Hello everyone, I have a huge dataset with a bunch of human samples to analyse. Of course, I run into troubles because the samples come from different donors and when I PCA those samples, well...it's a bit dodgy. They cluster according to their condition but I am not sure about how am I supposed to deal with this batch effect? A few time ago, I used SVA package but I wasn't happy with that.

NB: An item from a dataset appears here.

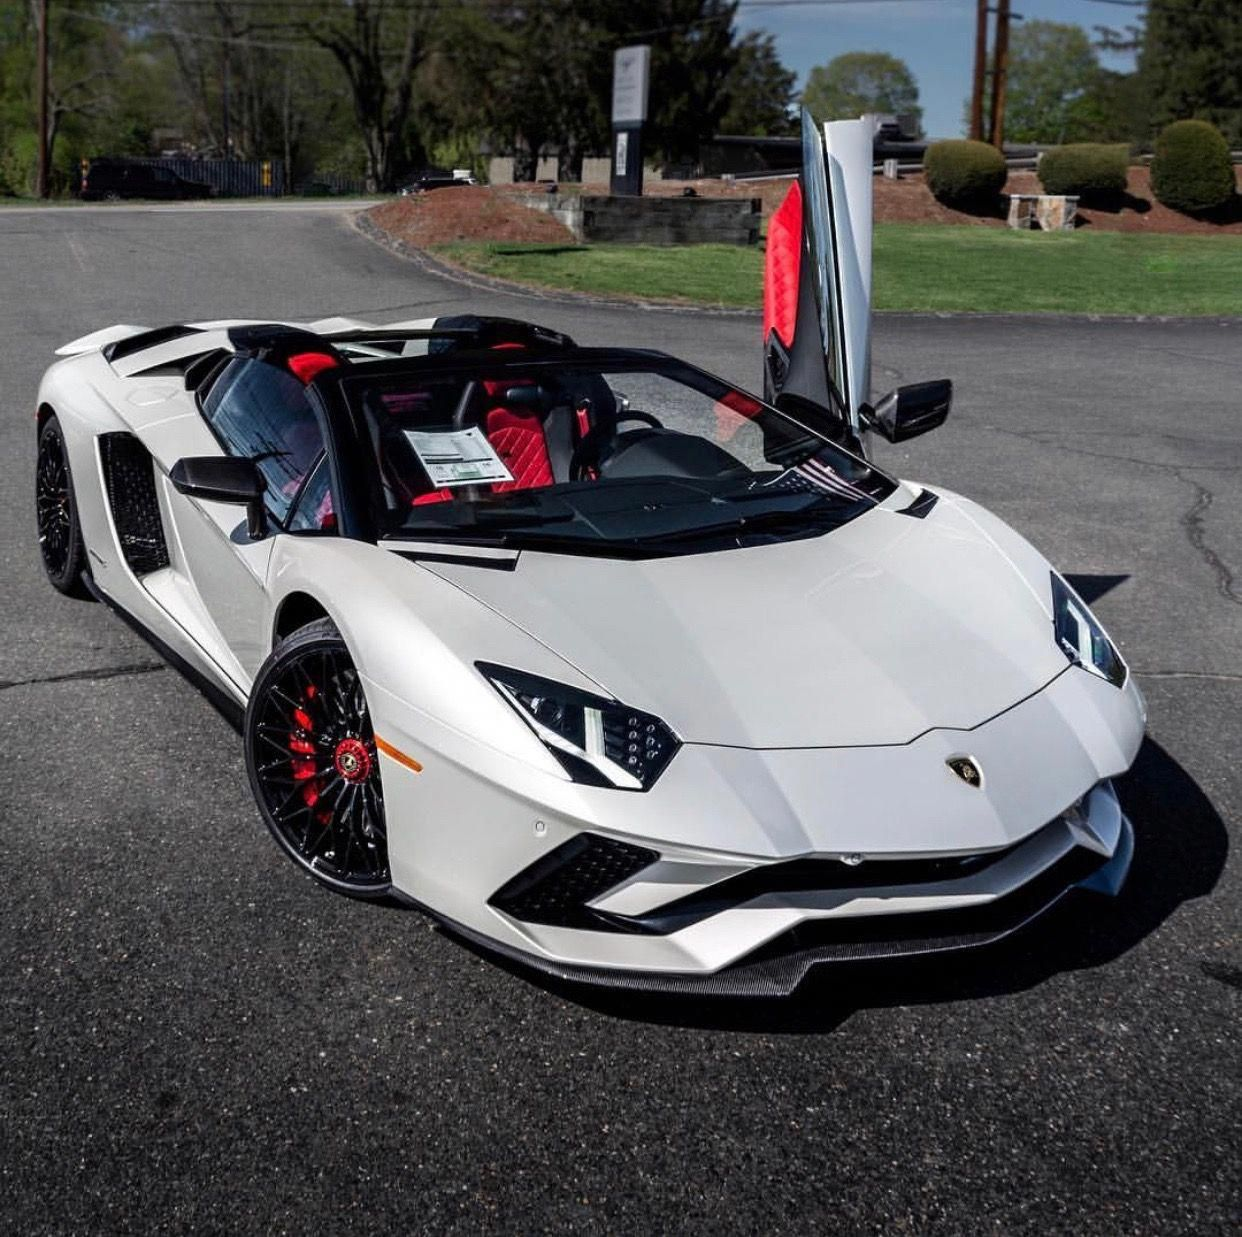 Lamborghini: Lamborghini Aventador S Roadster Painted In Balloon White Photo Taken By: @lamboboston On

A problem related to this is probably due to the fact that my samples are not trimmed appropriately. I have a lot of problem with the facility that generated these fastq files because sometimes they provide me trimmed samples, sometimes they don't (given the fact that this whole dataset comes from different batches/years). Thus, my questions:
- Don't you think that all of my samples, to generate useful data, must have been processed in the same identical way (e.g. same Sliding window, leading, trailing, minlen)? I am quite confused about this.
- What if, by any chance, I trim an already-trimmed file?
- When I am trying to trim my samples, I don't manage to remove adapter contamination..according to my beloved multiqc report there's a huge nextera transposase sequence contamination that Trimmomatic can't remove, even when selecting specific adapters...
Yours, M
How was PCA done and how was data normalization/regularization performed?
Isnt't that expected as this is the biological difference?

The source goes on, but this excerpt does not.